# PS2 or Xbox360 - Which one you pick?



## newway01 (May 23, 2011)

Hi guys, which of these consoles you will go with? Playstation 2 or XBox360?

I'm not talking about PS3. Just the pretty old PS2. Comparing graphics and availability of games, Xbox tops it?

Reason I'm asking is because , I wanna buy one of these..A Modded PS2 is available for 2600rs and Xbox360 Jasper Edition for 3000rs..

With the availability of GTA4, NFS Shift and other new generation games on Xbox360, Is it the better option to choose from? Or go with old PS2 games 

As I owned a PS1 during childhood, I fall in love with the Playstation series..


----------



## desiibond (May 23, 2011)

xbox 360 is way way way way way better than PS2.


----------



## vamsi_krishna (May 23, 2011)

Jasper for 3000bucks? Where?


----------



## newway01 (May 23, 2011)

^^^  A friend is selling his jasper console as he bought a PS3... 

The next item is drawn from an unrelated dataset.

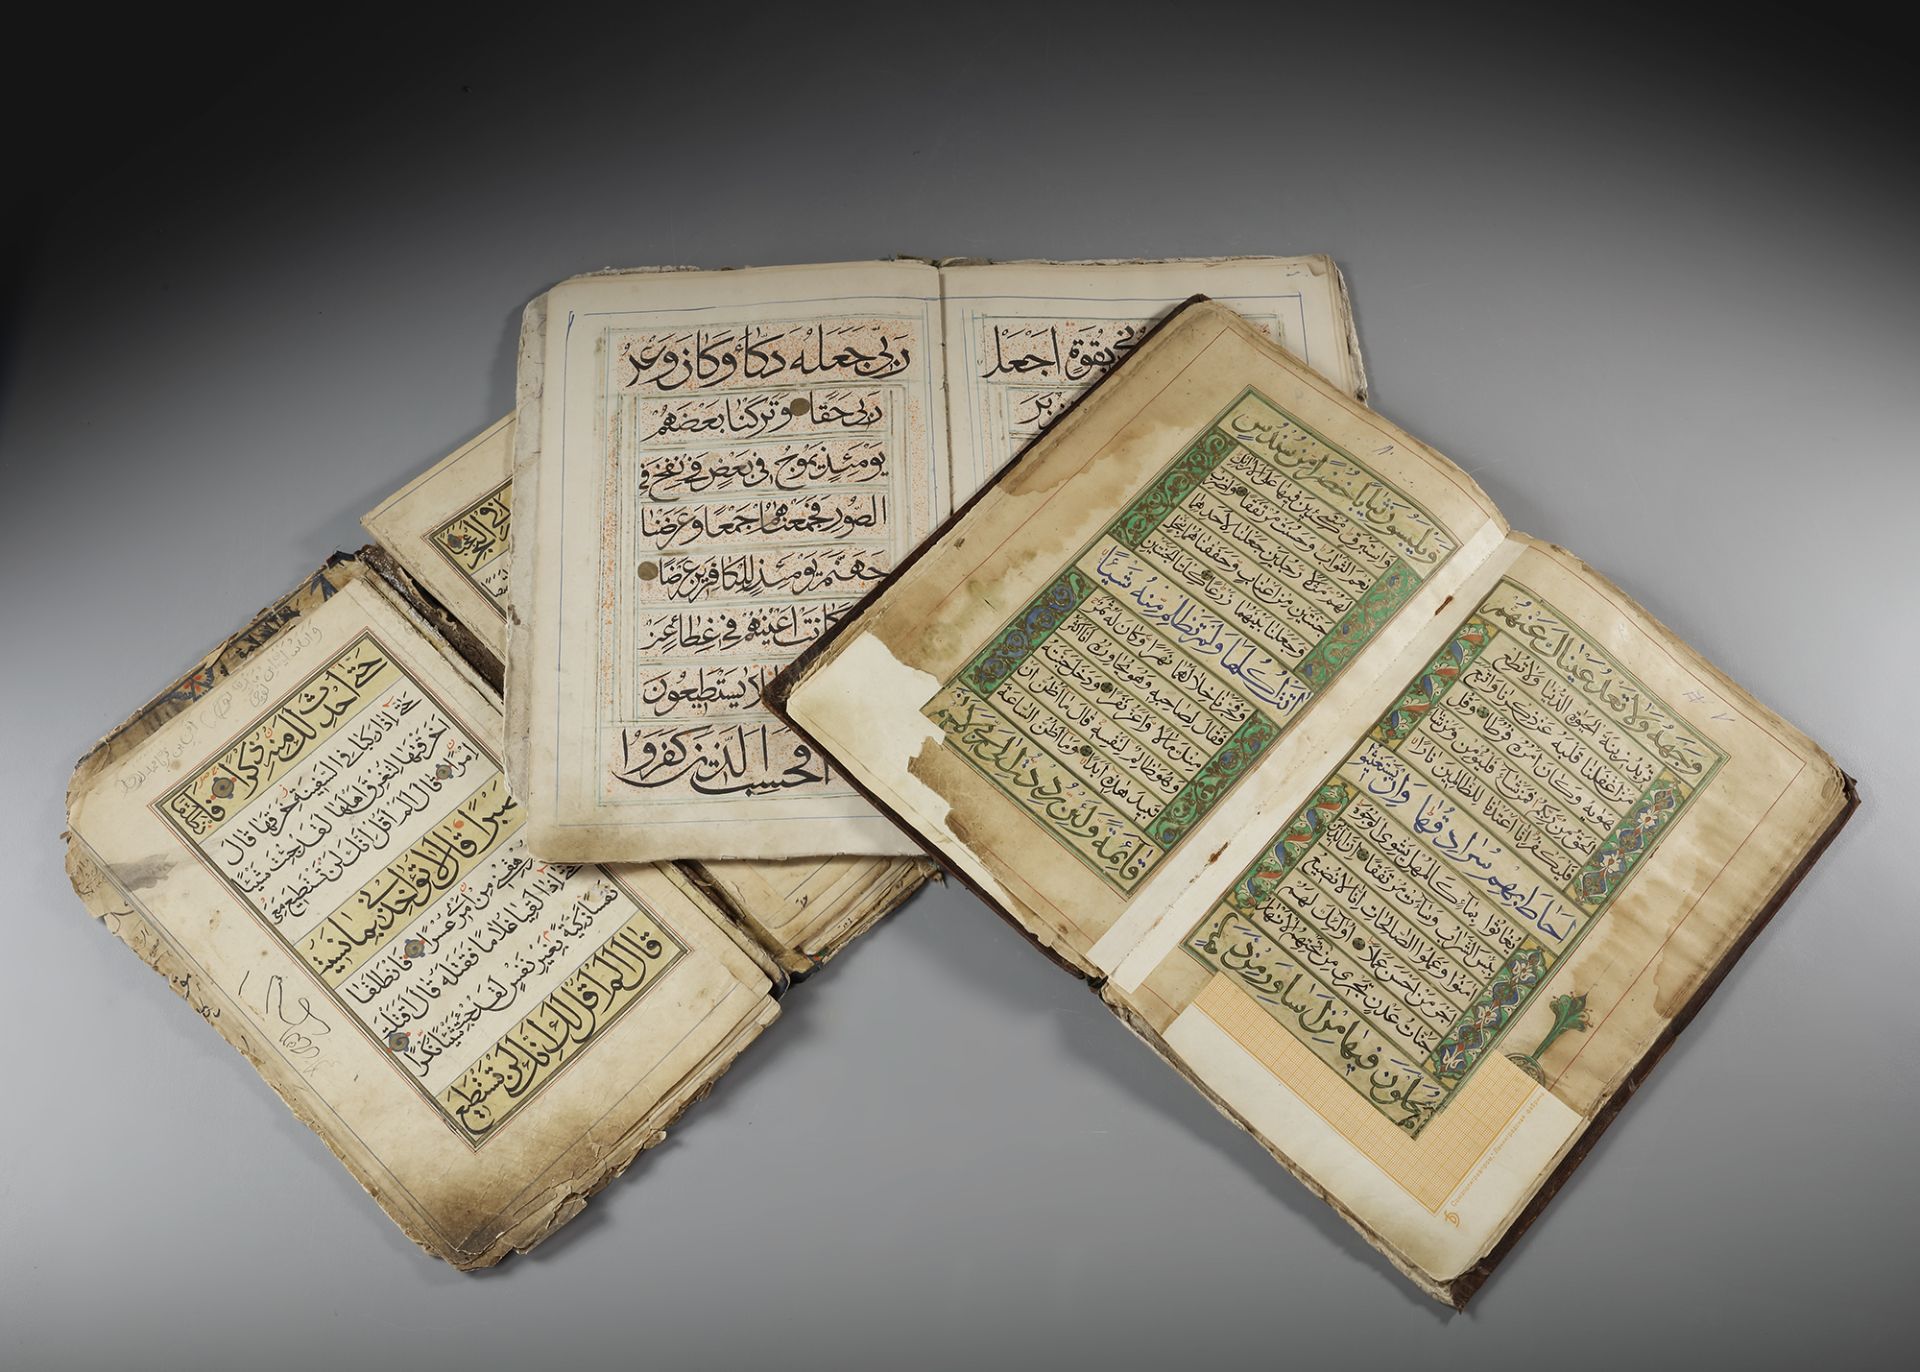 THREE QURAN SECTIONS, CENTRAL ASIA, LATE 19TH CENTURY - Image 2 of 8

decided to go with Xbox360..thanx guyz!!!


----------



## vamsi_krishna (May 23, 2011)

Jasper for 3000bucks is a hands down deal.


----------



## Sarath (May 23, 2011)

Its not a fair comparison between PS2 and Xbox360. Congrats for getting the Xbox much better choice.

Now what is Jasper?


----------



## abhidev (May 23, 2011)

what's jasper xbox 360?


----------



## vamsi_krishna (May 23, 2011)

It is a revised model of Xbox 360, with a 65nm xenon and 65nm Xenos and with lower TDP. As a result.. no RRoD.


----------



## abhidev (May 23, 2011)

vamsi_krishna said:


> It is a revised model of Xbox 360, with a 65nm xenon and 65nm Xenos and with lower TDP. As a result.. no RRoD.



M sorry but can u provide the full forms...m a noob in such terminology...


----------



## newway01 (May 23, 2011)

RROD - Red Ring of Death which is referred to as death for normal Xbox360 consoles. one with Falcon chip and all are prone to become RROD easily!!!!


----------



## NVIDIAGeek (May 23, 2011)

Xbawks, the way to go. PS2's too old, way too old. RRoD's a trouble if you want DRM-free games.


----------



## vamsi_krishna (May 23, 2011)

abhidev said:


> M sorry but can u provide the full forms...m a noob in such terminology...



Xenon= Xbox 360 CPU
Xenos= Xbox 360 GPU
TDP= Thermal Design Power
RRoD= Red Ring of Death. A nick name for classic Hardware failure in xbox 360


----------



## gameranand (May 23, 2011)

Xbox 360 for sure.


			
				NVIDIAGeek said:
			
		

> RRoD's a trouble if you want DRM-free games.


He is getting Jasper edition so RRoD is a little of concern.


----------



## Sarath (May 23, 2011)

I cant believe you dont know RROD?
Well PS3s suffer from YROD. Thats rare though.

DRM free? You mean...


----------



## NVIDIAGeek (May 23, 2011)

gameranand said:


> Xbox 360 for sure.
> 
> He is getting Jasper edition so RRoD is a little of concern.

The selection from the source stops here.